Last week, Belinkie wrote a post asking if the 2000s had heralded the end of movie stars as a commodity: the end of the bankable face.

But in the last 10 years, has Hollywood produced any new A-list talent? The Ulmer Scale is an anual ranking of the most bankable actors. Their most recent top 10 list was: Will Smith, Johnny Depp, Brad Pitt, Tom Hanks, George Clooney, Will Ferrell, Reese Witherspoon, Nicholas Cage, Leonardo DiCaprio, and Russell Crowe. With the exceptions of Ferrell and Witherspoon (who I’m not buying as the #1 leading lady, by the way), all of these people were huge stars more than a decade ago. Hollywood is standing still.

First off, that list strains a little. Russell Crowe was a huge star in 2000 – ten years ago – because of Gladiator. Prior to that, his biggest roles had been in L.A. Confidential (an ensemble picture) and The Quick and the Dead (a likable but small Sam Raimi western). And Will Ferrell wasn’t opening movies before Elf.

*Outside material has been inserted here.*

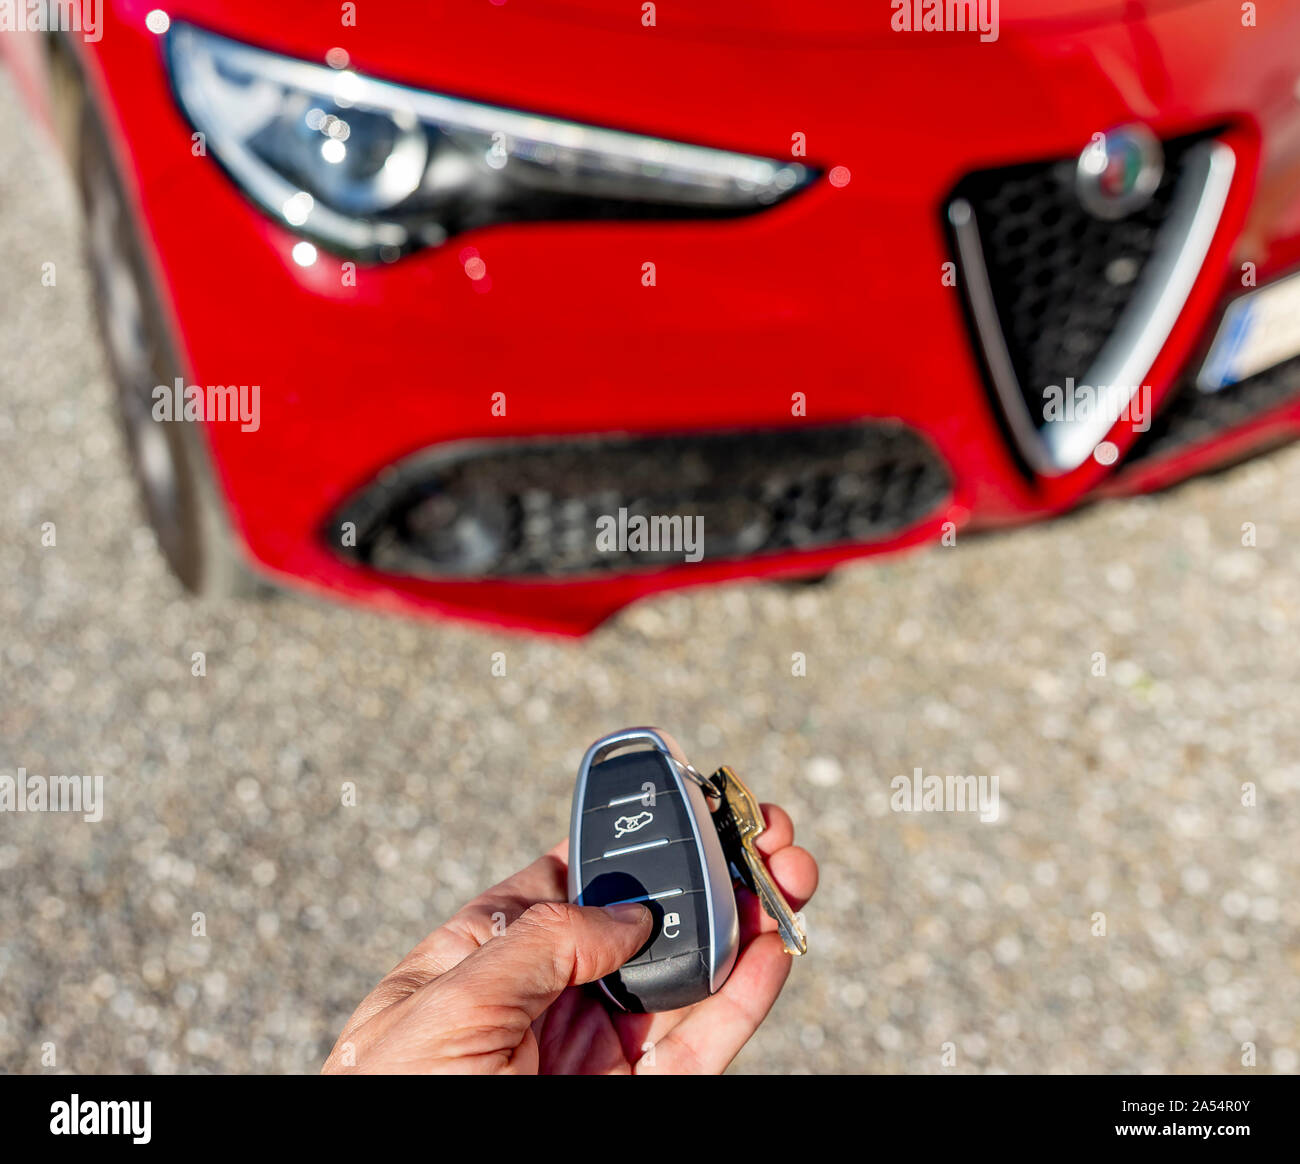 A hand operates the remote control of a beautiful red Italian sports car Alfa Romeo Stelvio Stock Photo

But his point is otherwise sound. Will Smith was huge in the 90s (Independence Day, Bad Boys) and the 00s (Ali, I Am Legend). Nicholas Cage got movie posters all to himself in both decades. Ditto Johnny Depp; ditto Tom Hanks. And the reason that’s stayed true is obvious: they can reliably play the same character.

Except that’s not quite the case, is it?

Let’s look at Johnny Depp. In the early 90s, Depp was playing heartthrobs. He was either the pretty boy with a bad edge (Cry-Baby) or he was the handsome outsider (Benny and Joon; What’s Eating Gilbert Grape?). Either way, he was getting by on looks. Then, in the mid-90s, Depp started playing more eccentric characters (Dead Man, Ed Wood, Donnie Brasco, Fear and Loathing in Las Vegas). In the early 00s, Depp took on roles of cocky authority: a CIA agent in Once Upon A Time in Mexico, a legendary pirate in Pirates of the Caribbean, a police inspector in From Hell, America’s earliest cocaine dealer in Blow, etc. While none of these are a radical shift from the prior category, you can see how they’ve evolved. Imagine the soft-hearted juvenile delinquent Cry-Baby as a CIA agent ten years later.

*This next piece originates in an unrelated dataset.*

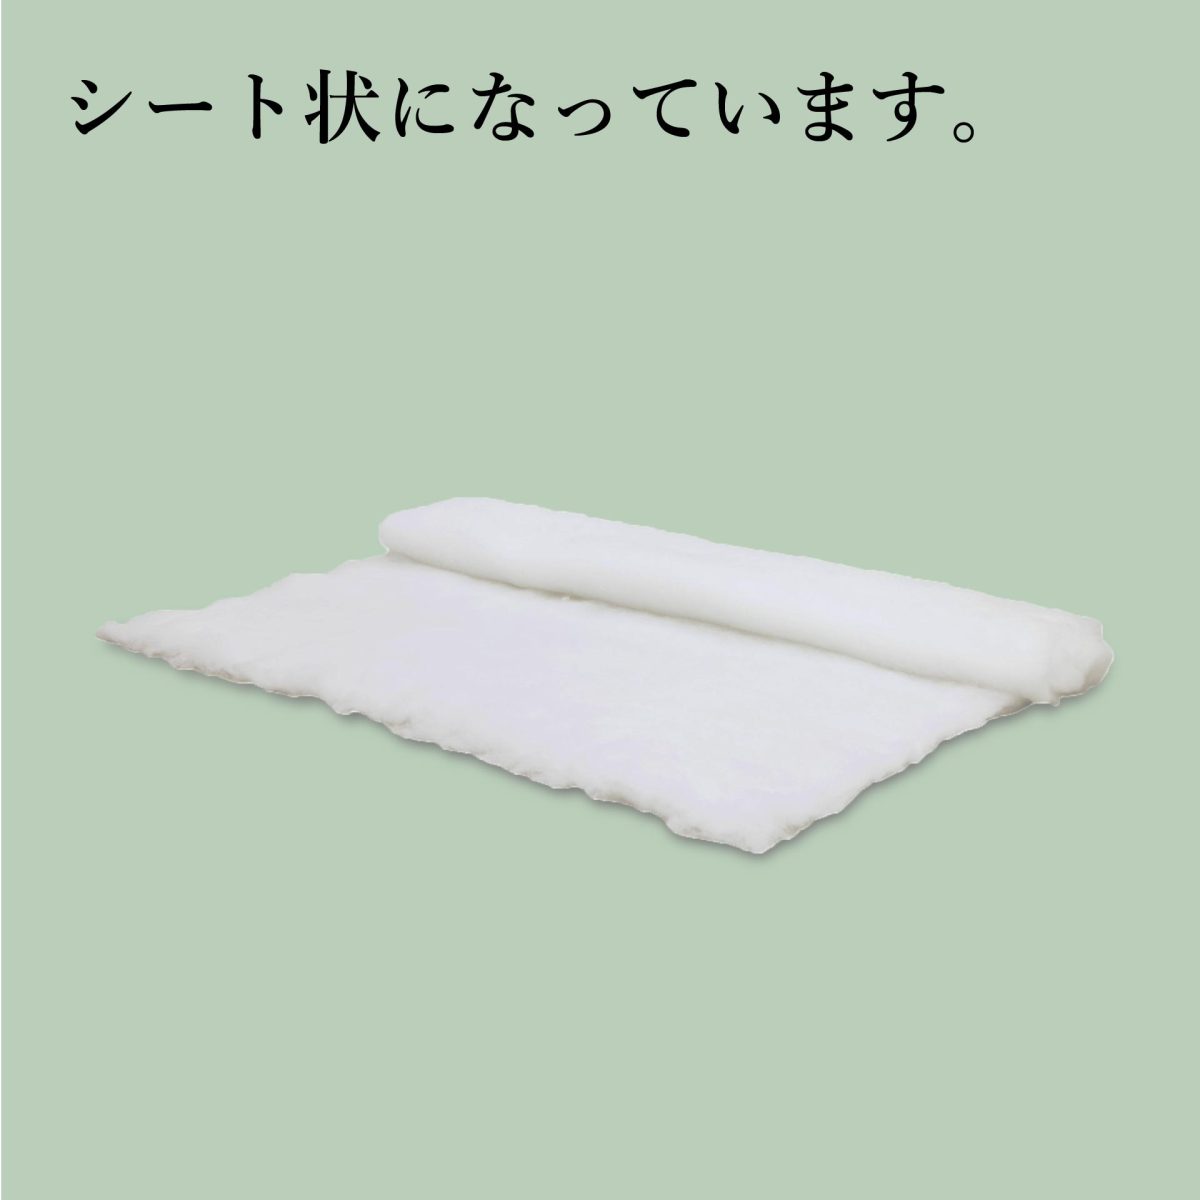  handicrafts cotton 500g made in Japan regular 1 piece supplement for seat type soft toy cushion handicrafts cotton plant

Johnny Depp has stayed a star for the last twenty years, but not by being the same person.

I would not be intimidated by this man.

Consider also Will Smith. Smith started out as the smart-aleck kid, or roles where being smart-aleck and young would work to his advantage: a Bel Air teenager, a maverick Miami cop, a fighter pilot. He has since matured to take on more dependable roles: a date doctor, the last scientist in New York after a vampirizing virus, a father struggling to provide for his son. It makes sense that Smith would try more grounded roles as he got older, but it didn’t have to work out that way. Rob Schneider certainly hasn’t tried to get any more grounded, and we’ve grown tired of his schtick as a result. But Smith has changed and we keep rediscovering him.

So in order to retain your place in the spotlight, you need to reinvent yourself. That seems obvious enough. But how often do you need to reinvent yourself? How long can you stay a star before you need to become someone new?

Fortunately, that question has already been answered: three years. You can be a star for three years.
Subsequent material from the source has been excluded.